2.5. Immunofluorescence staining and quantification of cellular junctions

Immunofluorescence staining was conducted to investigate the tube-forming ability of the co-culture of HPLF and HUVEC, immunofluorescence staining was conducted. HPLF and HUVEC were seeded on each well of 24-well plate at a total density of 5 × 104 cells/cm2 and cultured in an equivalent mixture of DMEM and ECGM2. Cell cultures were grown for 14 days and immunofluorescence staining was performed as described below. Cells were fixed with 4 % paraformaldehyde in PBS for 15 min at 25 °C. After washing with PBS, the cells were permeabilized with 0.1 % Triton X-100 in PBS for 15 min at 25 °C. After rinsing with PBS, cells were treated overnight with primary antibodies at 4 °C. Monoclonal Mouse Anti-Human CD31 antibody (Dako, 1:250) and Polyclonal Rabbit Anti-Human Collagen type-I antibody (Abcam, 1:500) were used as primary antibodies.
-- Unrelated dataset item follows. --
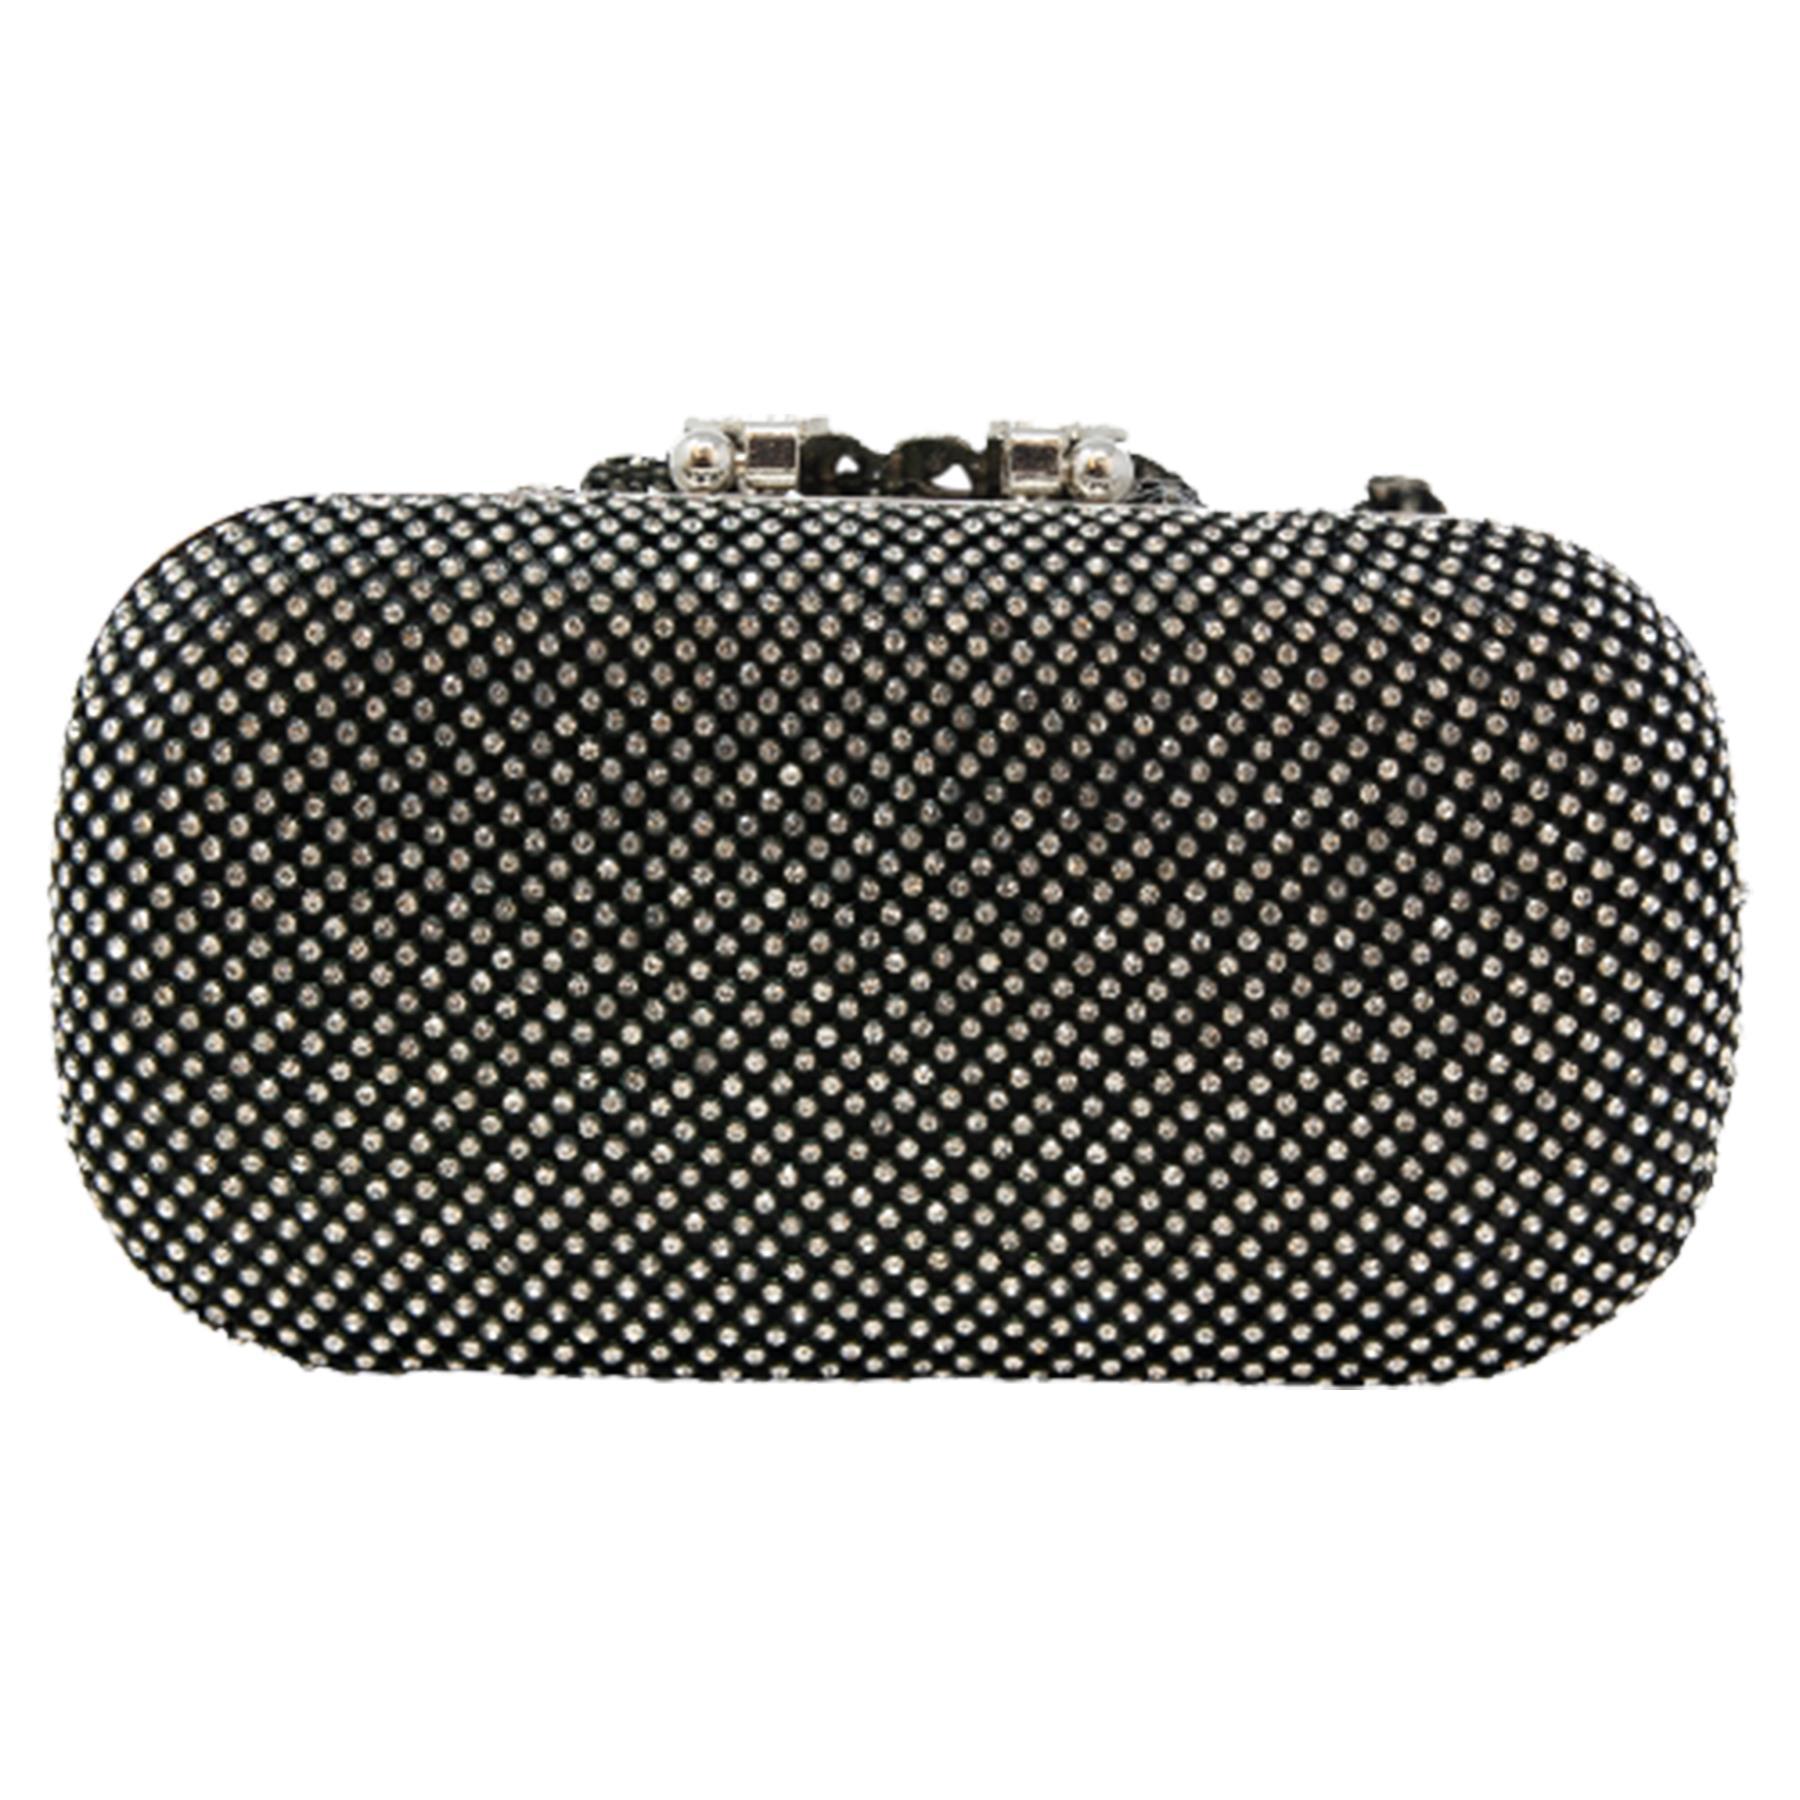 New-Women-s-Jewel-Elephant-Detail-Diamante-Chain-Box-Clutch-Bag-Purse thumbnail 5

The cells were again washed with PBS, and then stained with secondary antibodies for 1 h in the dark at 25 °C. Alexa Fluor™ 594 goat anti-mouse IgG1 (γ1) (Thermo Fisher Scientific, 1:500) and Alexa Fluor™ 488 goat anti-rabbit IgG (H + L) (Thermo Fisher Scientific, 1:500) were used as secondary antibodies. After rinsing with PBS, the cells were examined under a fluorescence microscope (BZ-X710, Keyence, Osaka, Japan). The number of cellular junctions in three or more directions, vascular length, and lumen-forming area in immunofluorescence-stained images of CD31 was counted using the Image J image analysis software. The average value from 3 fields in each experiment was used for the statistical analysis.
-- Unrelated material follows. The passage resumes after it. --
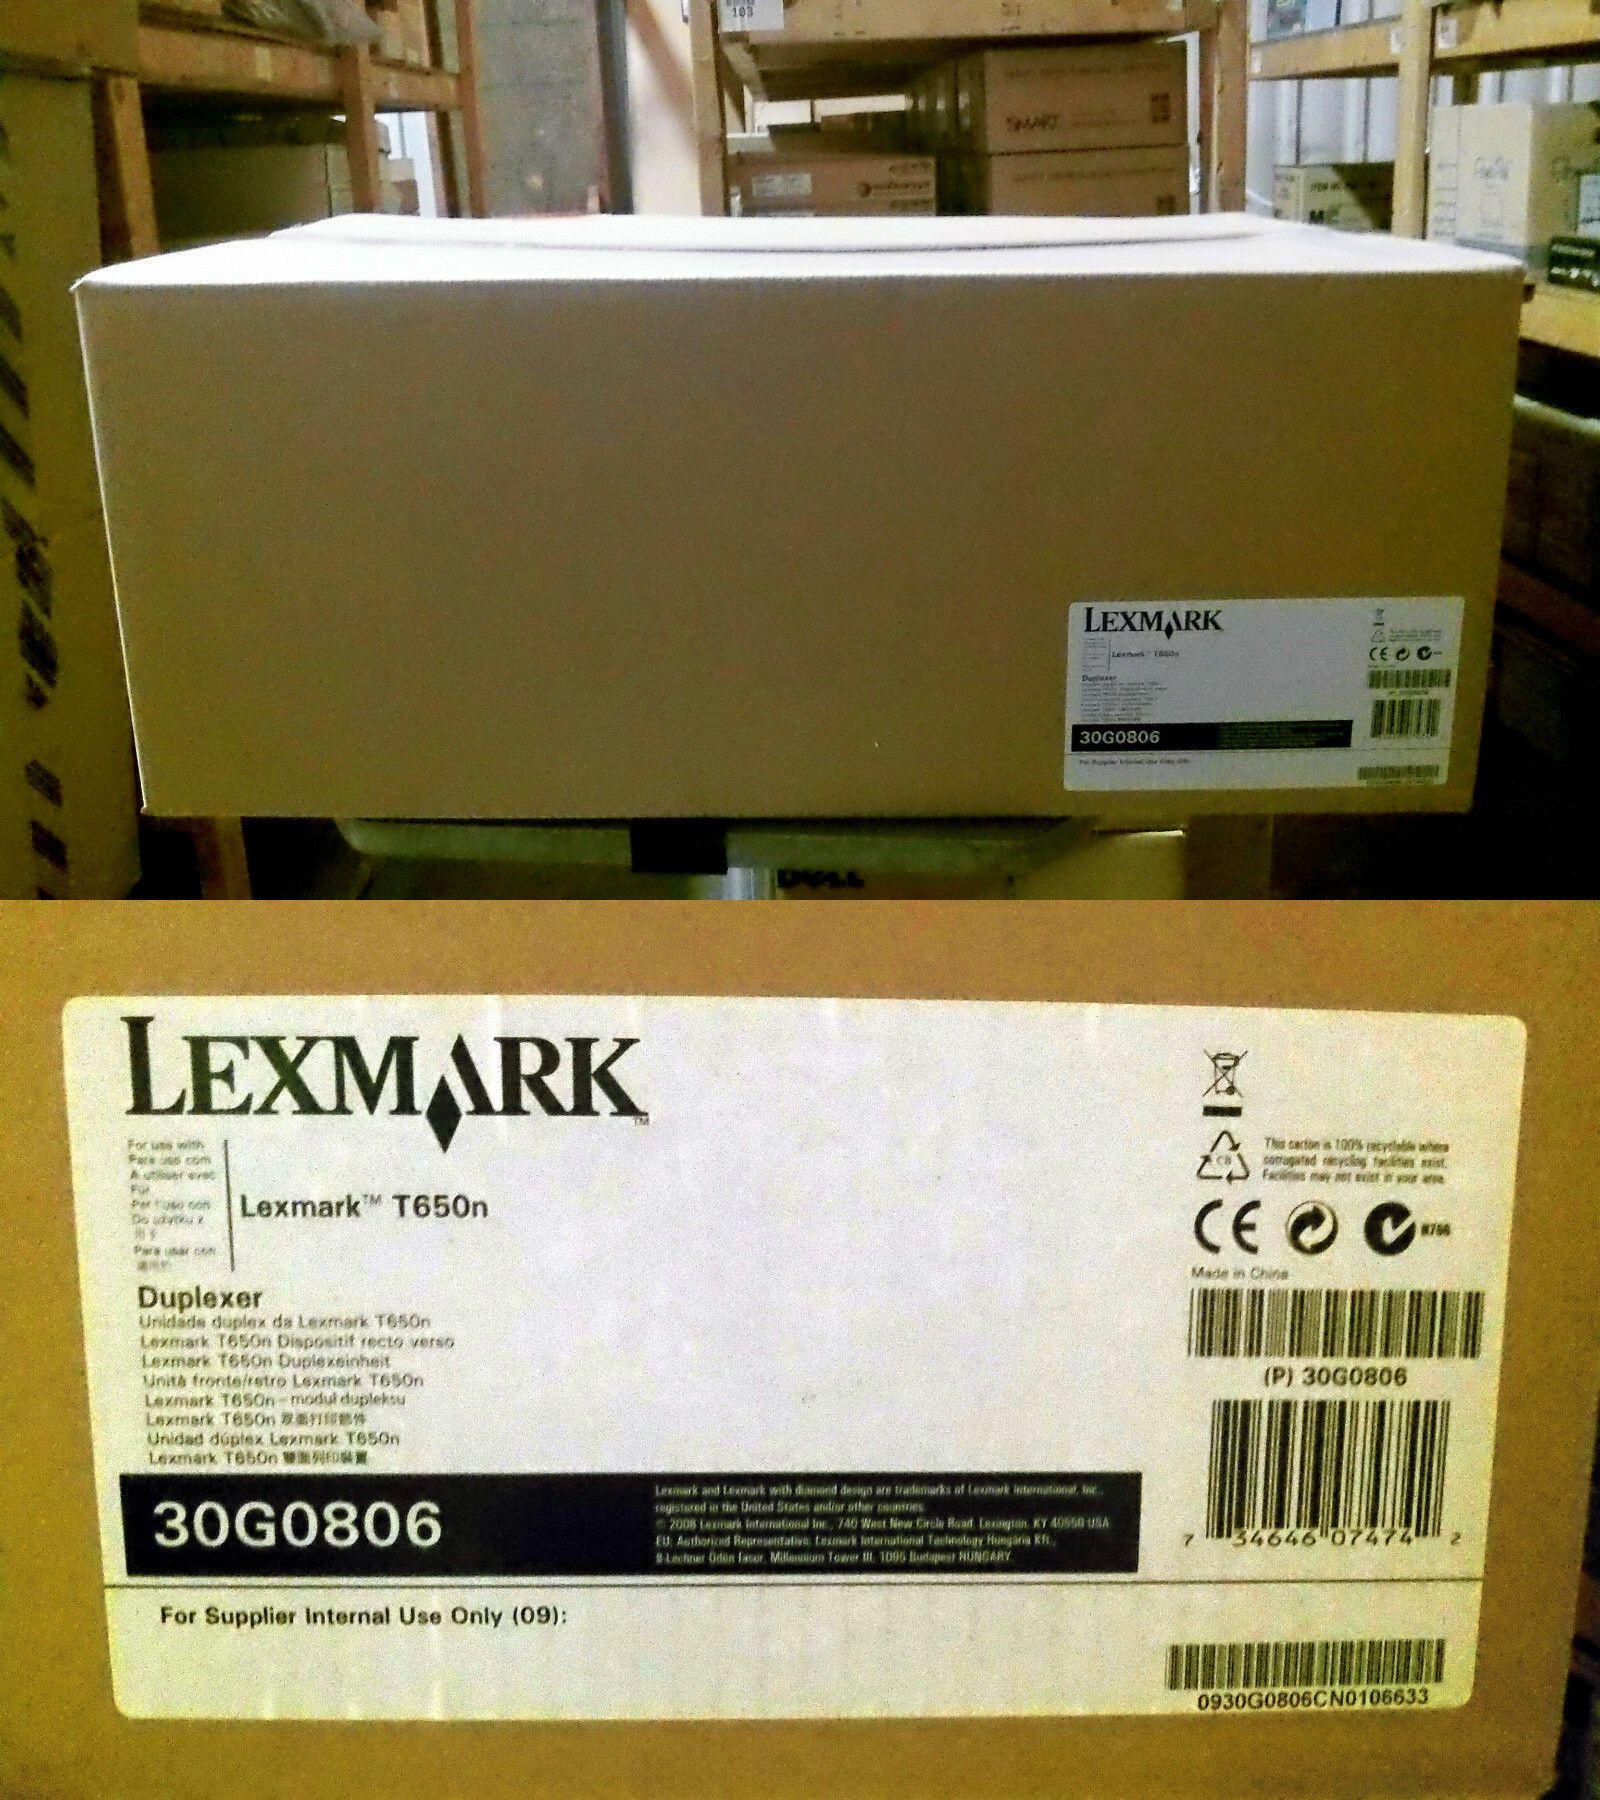 NEW Lexmark T650n Duplexer 30G0806

2.6. Quantitative Real-Time PCR (qRT-PCR)

The expression of marker genes, such as Col1A1, Mkx, FGF2, and VEGF, was examined using qRT-PCR. HPLF and HUVEC were seeded on each well of 24-well plate at a total density of 5 × 104 cells/cm2 and cultured in an equivalent mixture of DMEM and ECGM2. The culture medium was refreshed every two days, and the culture was maintained for a maximum of 14 days. Total RNA was extracted using a FastGene™ RNA Basic Kit. Single-stranded complementary DNA was synthesized using the Transcriptor First-Strand cDNA synthesis Kit according to the manufacturer's protocol. Primers used in these experiments are listed in Table 1. The quantitative-PCR analysis was conducted on a StepOne® Real-Time PCR System (Thermo Fisher Scientific, MA, USA) using SYBR® Green Reagents. The amounts of mRNA were calculated as relative quantities compared to GAPDH and analyzed with the 2-ΔΔCt method.

Table 1.

Primers used in this study.

Gene Accession # Sequence
GAPDH NM_001256799.3 Forward GTCTCCTCTGACTTCAACAGCG
Reverse ACCACCCTGTTGCTGTAGCCAA
Col1A1 NM_000088.4 Forward GGGATTCCCTGGACCTAAAG
Reverse TCCCTGAGCTCCAGCCTCTCC
Mkx NM_001242702. Forward TTACAAGCACCGTGACAACC
Reverse AAGCCGACGTCTTGCATTAG
FGF2 NM_001361665.2 Forward GAGCGACCCTCACATCAA
Reverse CGTTTCAGTGCCACATACC
VEGF NM_001025366.3 Forward CGCAGCTACTGCCATCCAAT
Reverse GTGAGGTTTGATCCGCATAATCT
Open in a new tab

2.7. ELISA (Enzyme-Linked Immuno Sorbent Assay)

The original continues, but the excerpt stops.